My honest thought while writing Digits was “surely someone else has done something like this for Mystery Hunt, right?”. And I’m still suspicious of that.
And it shouldn’t come as a surprise to people that the first taste test I use for any puzzle is “would I want to work on this?”. If the puzzle isn’t even fun to me, why would it be fun to someone else?
I did slip up a bit though: if you pay close attention to the arcs, some of the endpoints are blue and some are black. That was just sloppiness on my part; I didn’t notice the inconsistency. That’s the kind of thing you have to be careful with in puzzle design. There were teams that picked up on this and asked if it was relevant.

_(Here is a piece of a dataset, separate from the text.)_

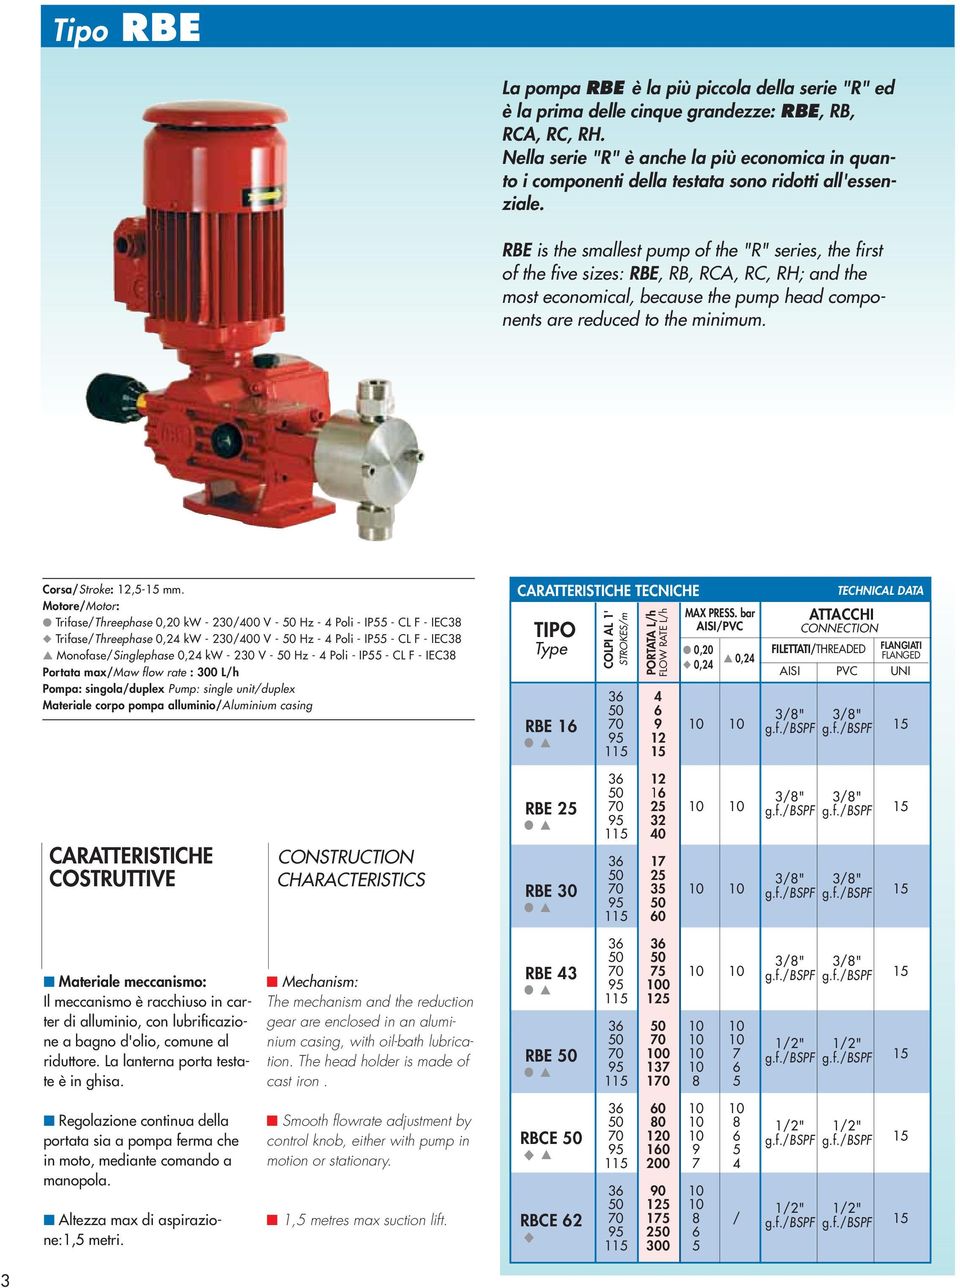 RBE is the smallest pump of the "R" series, the first of the five sizes: RBE, RB, RCA, RC, RH; and the most economical, because the pump head components are reduced to the minimum.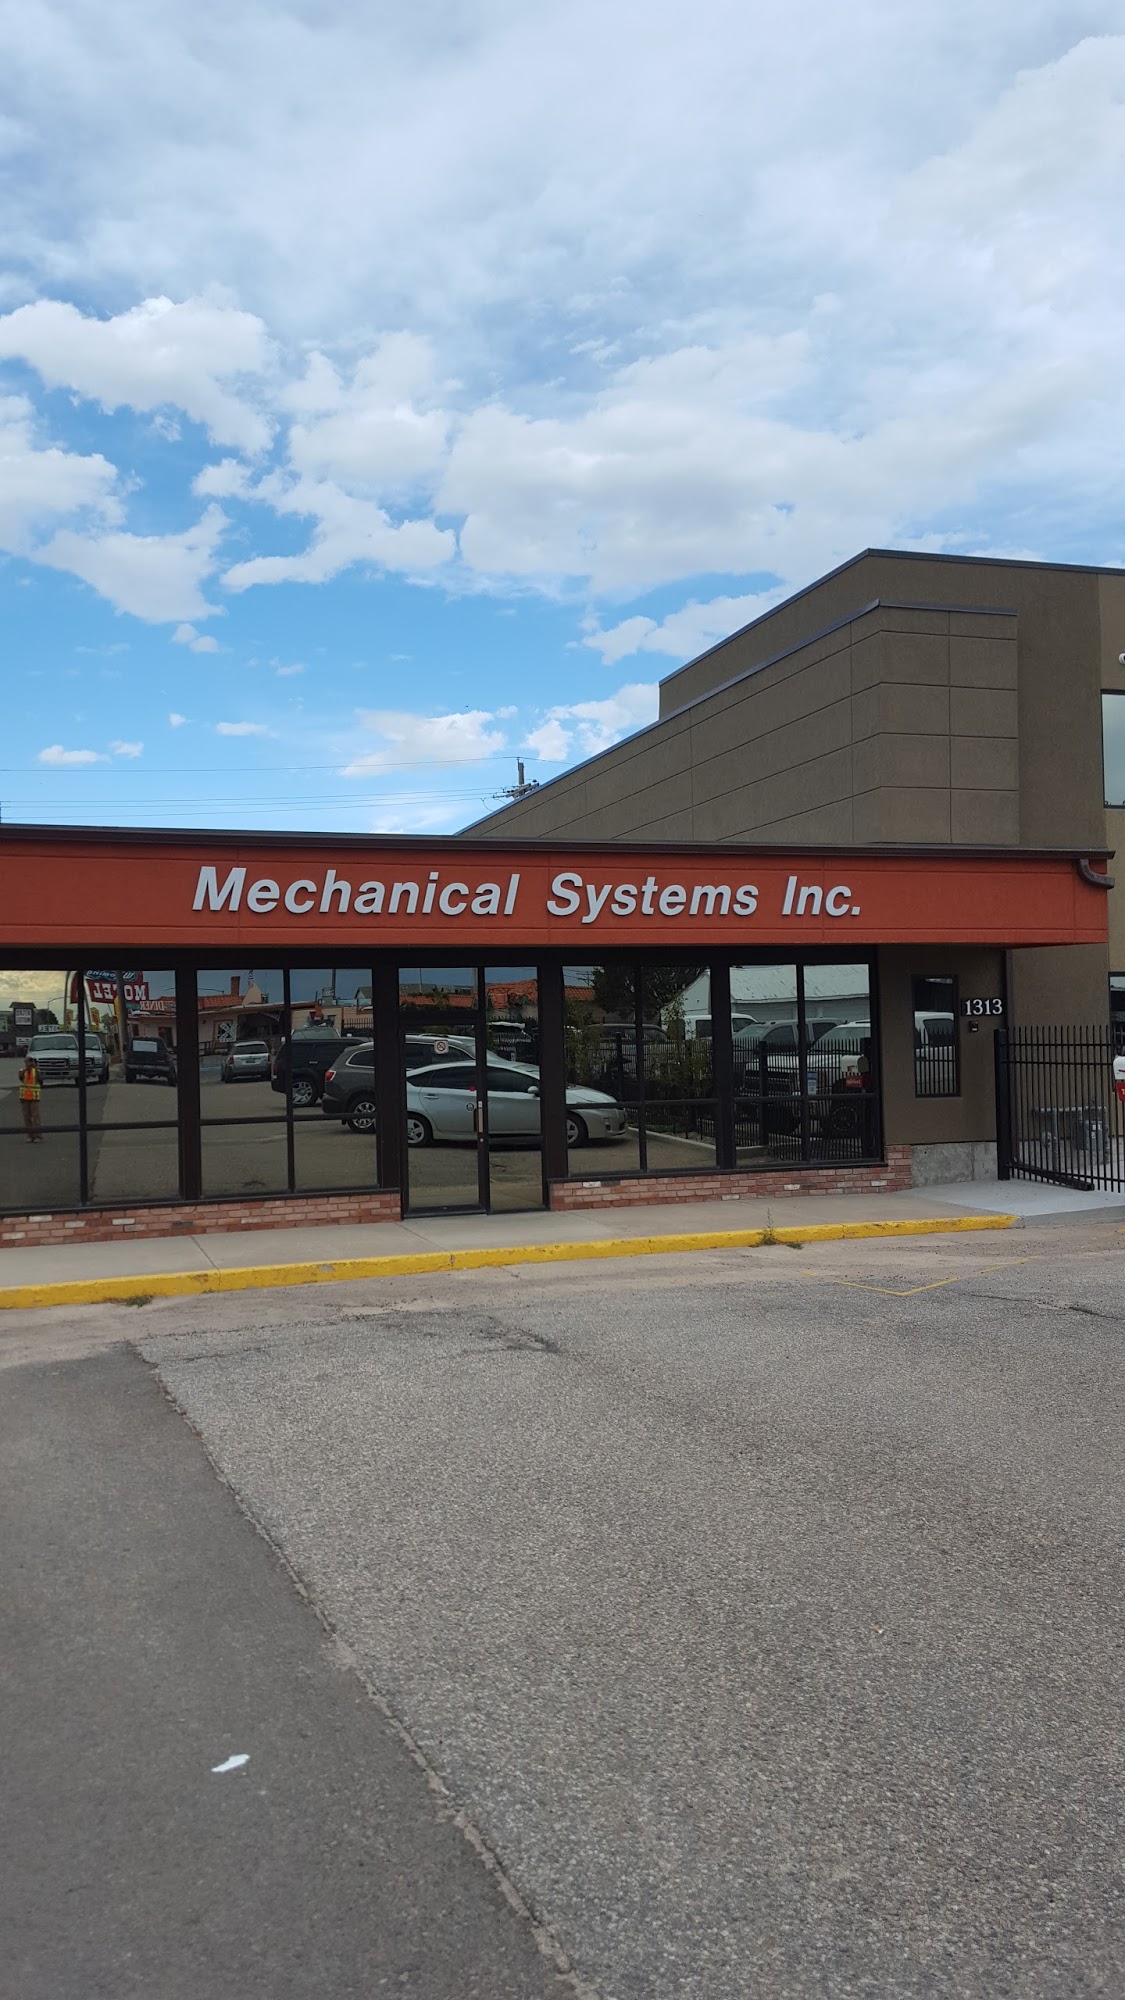 Mechanical Systems Inc

We joked briefly about giving exact numbers, but the closed forms of the numbers are not only hideous but also give away which piece maps to what.
I know everyone’s sick of hearing about AI, so I’ll just make a short acknowledgment that GPT gave a workable first version out-of-the-box to iterate on. (Got to give credit where it’s due.)
Actually a lot of people have gotten pretty good at guessing my puzzles; I had a few friends doing the hunt who messaged me once they got to Behold, A Puzzle, asking if I wrote it.